Seems counter intuitive that code that automatically solves the problem of heap allocations that (ASP).NET tries so desperately to avoid for performance's sake doesn't yield enough benefits, or was the benchmark too biased due to the tested workloads already being heavily GC optimized?

jkotas · 2020-01-13T17:38:36Z

Yes, this feature is not being worked on right now by the Microsoft .NET team currently.

or was the benchmark too biased due to the tested workloads already being heavily GC optimized?

We looked at all places where the prototype kicks in or where it may potentially kick in once it is more complete, across the framework. It did not show enough hits. One observation was that you often need to analyze a very large amount of code to prove that it is ok to allocate on stack. This analysis takes time and the JIT is not designed to do a (global) analysis like this.

Trayani · 2020-01-13T18:24:37Z

I understand that Escape analysis is not happening, but we are also talking about a possibility of stack-allocating imperatively, which is being requested arguably more often.
Is it on hiatus too? I think Span showed nicely that objects can be handled while prevented from escaping.

I don't know how to get more data on this, but other use cases (eg: struct params, lambdas, local lists and arrays of all types ) appear reasonably often. )

So true

AartBluestoke · 2020-01-13T20:42:39Z

I understand that escape analysis is hard. That is why I'm proposing an optimistic approach where allocations are promoted on demand. No jit time proof of lack of escape needed.

jkotas · 2020-01-13T21:02:35Z

I agree that there may be a opportunity, but we do not know how to turn it into a significant win.
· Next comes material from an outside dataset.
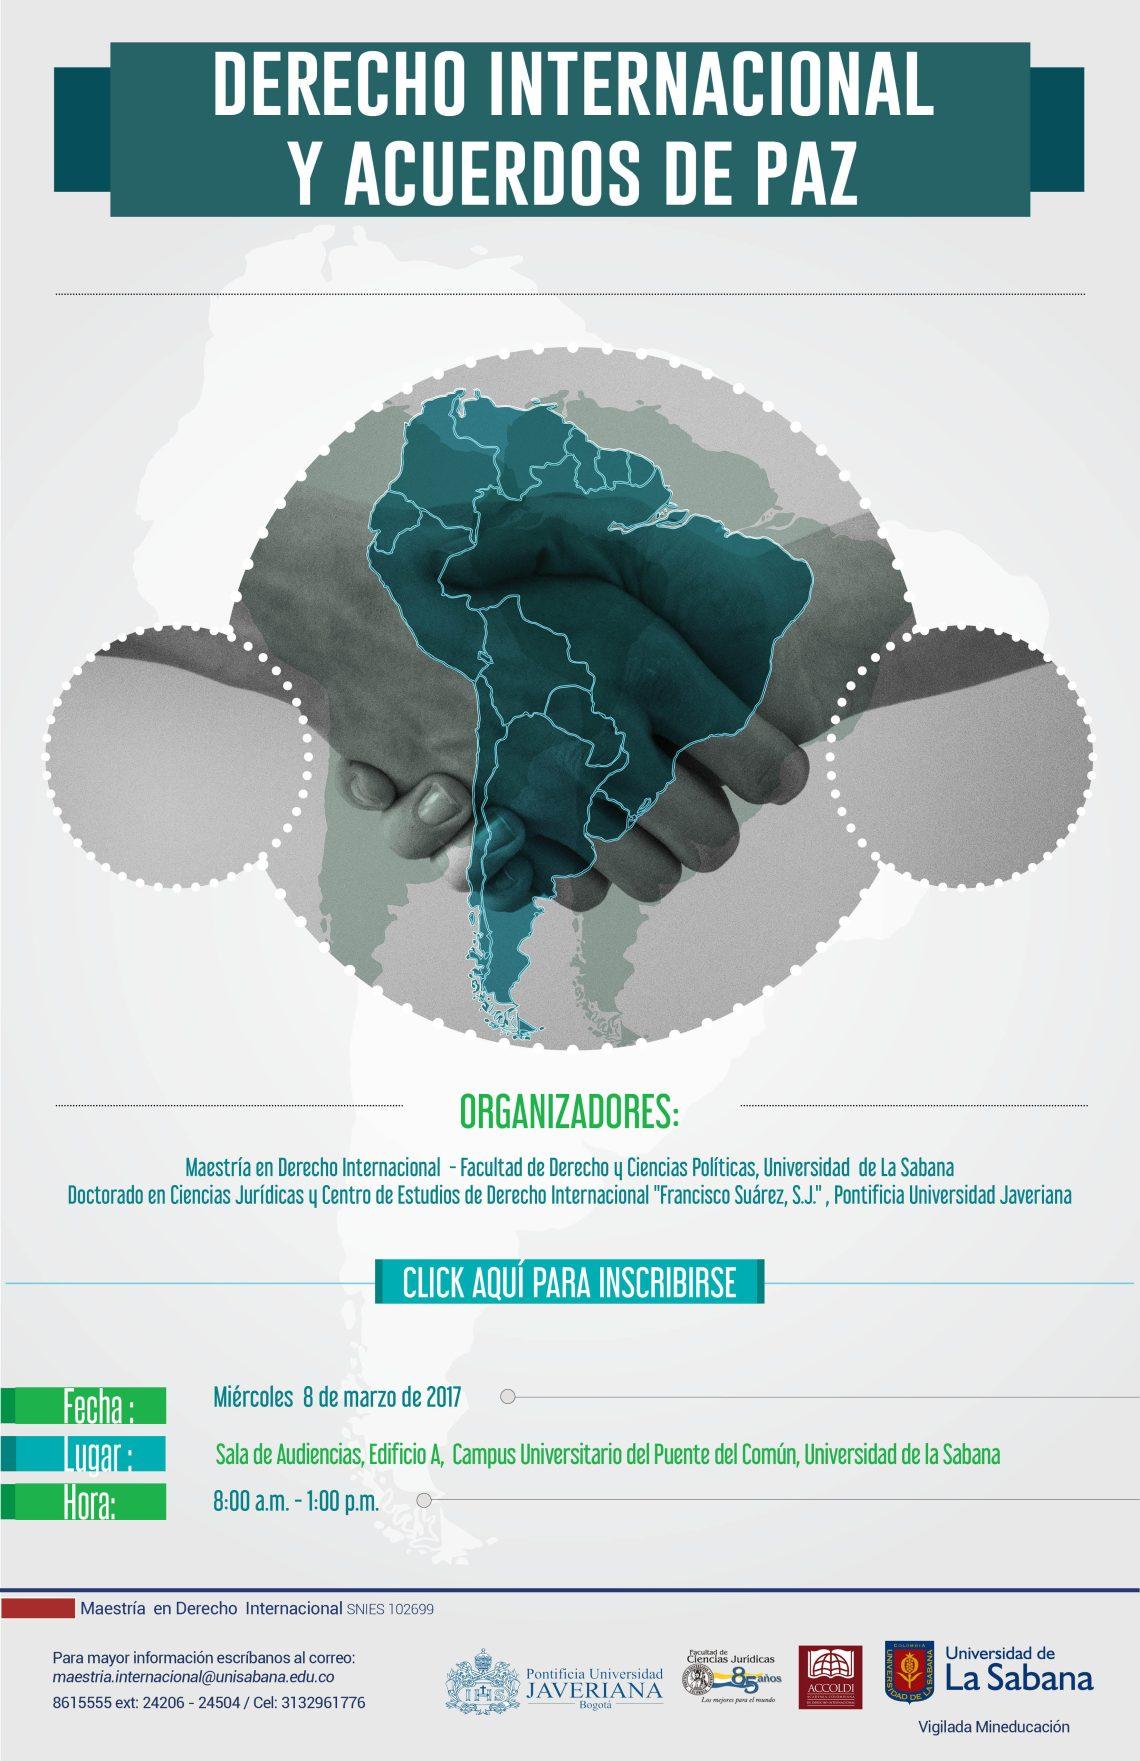 acedi-cilsa-maestria-derecho-internacional-sabana-foro-paz-intl-2017

We had a team at Microsoft experimenting with the optimistic approach. The implementation was like what you have described in 4:

keep a separate section of the heap as a stack for the purpose of holding localAlloc objects - this would minimise the 'stack overflow' problem

We have been testing this on a specific server workload. All per-request objects were allocated in the separate section of the heap (ie all per-request allocations were "stack allocated"), and occasional allocations that survived the request got promoted on demand. We were not able to get significant (>10%) benefits out of it, even after spending a lot of time tweaking both the workload and the implementation. One of the observations is that the occasional on-demand promotion is expensive. You have to save a lot to pay for it, so that it is a net win at the end.

masonwheeler · 2020-01-14T18:12:31Z

@jkotas

we do not know how to turn it into a significant win.

Sure you do. You said so above:

This analysis takes time and the JIT is not designed to do a (global) analysis like this.

There's your answer right there: move to an AOT model for deployment.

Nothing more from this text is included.